Department of Psychiatry, National Taiwan University Hospital and College of Medicine, Taipei, Taiwan.
Department of Psychiatry, National Taiwan University Hospital and College of Medicine, Taipei, Taiwan; Graduate Institute of Clinical Medicine, College of Medicine, National Taiwan University, Taipei, Taiwan; Graduate Institute of Brain and Mind Sciences, and Graduate Institute of Epidemiology and Preventive Medicine, College of Medicine, National Taiwan University, Taipei, Taiwan.
Prog Neuropsychopharmacol Biol Psychiatry. 2019 Dec 20;95:109683. doi: 10.1016/j.pnpbp.2019.109683. Epub 2019 Jun 28.
Sensory symptoms are common in individuals with autism spectrum disorder (ASD). Altered sensory gating may cause sensory overload. However, whether ASD individuals have P50 gating deficits is controversial in childhood and lacks evidence in adulthood. Beyond P50, fewer studies have examined N100 or P200, although N100 is considered to be more reliable than P50. Also, the clinical correlates of these parameters are mostly unknown. This study aimed to investigate P50, N100, and P200 sensory gating in adolescents and young adults with ASD and examine their clinical correlates. In a sample of 34 ASD participants (mean age 20.6 ± 4.1, female 5.9%) and 34 sex- and age-matched typically-developing controls (TDC, mean age 20.4 ± 3.1), we investigated P50, N100, and P200 sensory gating by a paired-click paradigm, which generated the data of S1 amplitude after the first click and S2 amplitude after the second click. We found that compared to TDC, ASD participants had significant N100 suppression deficits reflected by a larger N100 S2 amplitude, smaller N100 ratio of S2 over S1, and the difference between the two amplitudes. N100 S2 amplitude was significantly associated with sensory sensitivity independent of the diagnosis. Although there was no group difference in P50 suppression, S1 amplitude was negatively associated with social deficits in ASD. P200 gating parameters were correlated with attention switching difficulty. Our findings suggest N100 gating deficit in adolescents and young adults with ASD. The relationships between P50 S1 and social deficits and between N100 S2 and sensory sensitivity warrant further investigation.

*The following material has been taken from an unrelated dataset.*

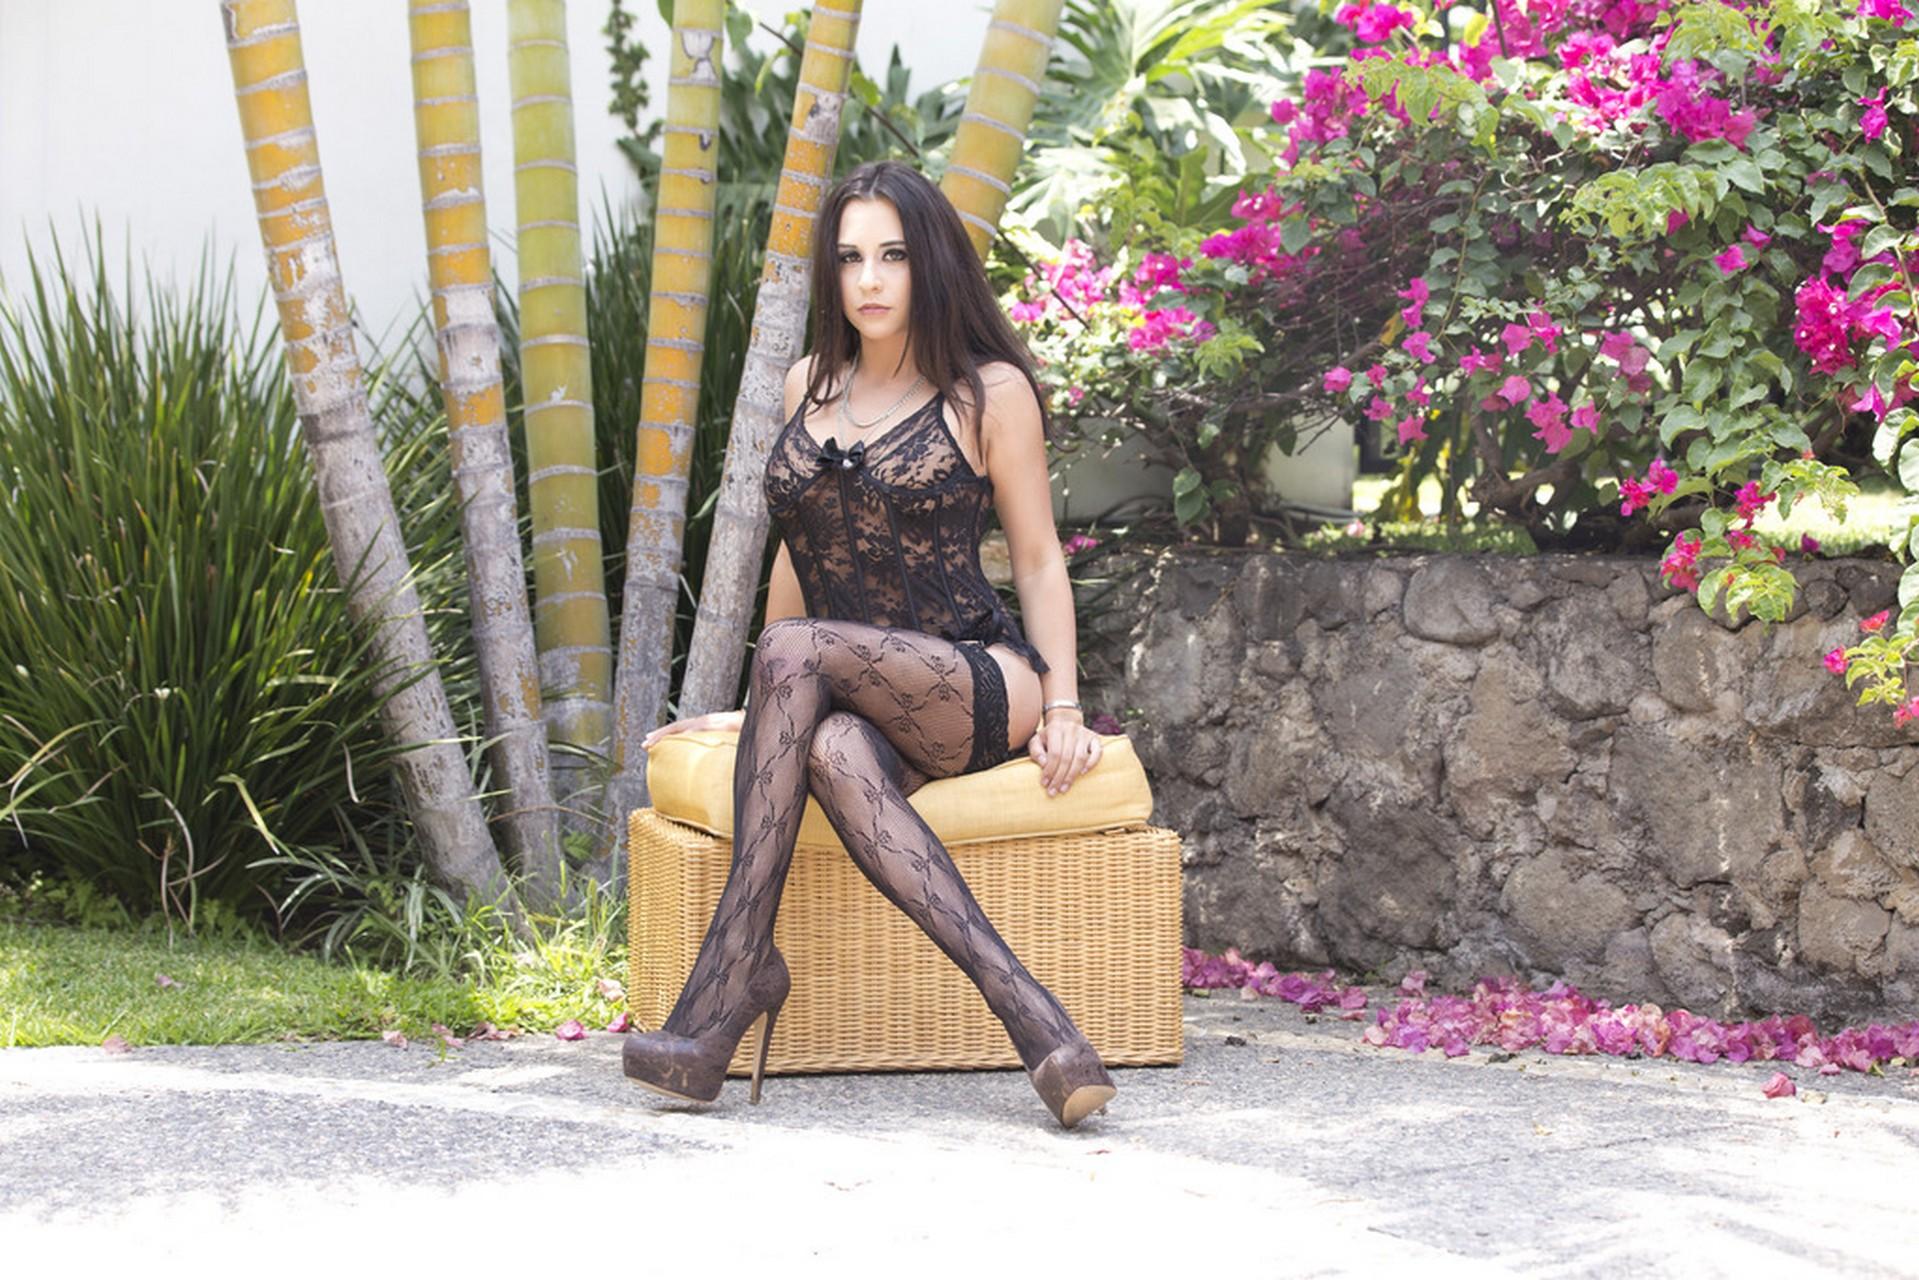 Chanel Lux y Maria Devine - una orgia interracial

感觉症状在自闭症谱系障碍(ASD)个体中很常见。感觉门控的改变可能导致感觉过载。然而,在儿童时期,ASD 个体是否存在 P50 门控缺陷存在争议,并且在成年期缺乏证据。除了 P50,较少的研究检查了 N100 或 P200,尽管 N100 被认为比 P50 更可靠。此外,这些参数的临床相关性大多未知。本研究旨在调查 ASD 青少年和年轻成人的 P50、N100 和 P200 感觉门控,并研究其临床相关性。在 34 名 ASD 参与者(平均年龄 20.6±4.1,女性 5.9%)和 34 名性别和年龄匹配的正常发育对照者(TDC,平均年龄 20.4±3.1)的样本中,我们通过配对点击范式研究了 P50、N100 和 P200 感觉门控,该范式生成了第一个点击后的 S1 幅度数据和第二个点击后的 S2 幅度数据。我们发现,与 TDC 相比,ASD 参与者的 N100 抑制缺陷显著,表现为 N100 S2 幅度较大、N100 S2 与 S1 的比值较小以及两个幅度之间的差异。N100 S2 幅度与感觉敏感性显著相关,与诊断无关。尽管 P50 抑制没有组间差异,但 S1 幅度与 ASD 中的社交缺陷呈负相关。P200 门控参数与注意转换困难相关。我们的发现表明,ASD 青少年和年轻成人存在 N100 门控缺陷。P50 S1 与社交缺陷之间的关系以及 N100 S2 与感觉敏感性之间的关系值得进一步研究。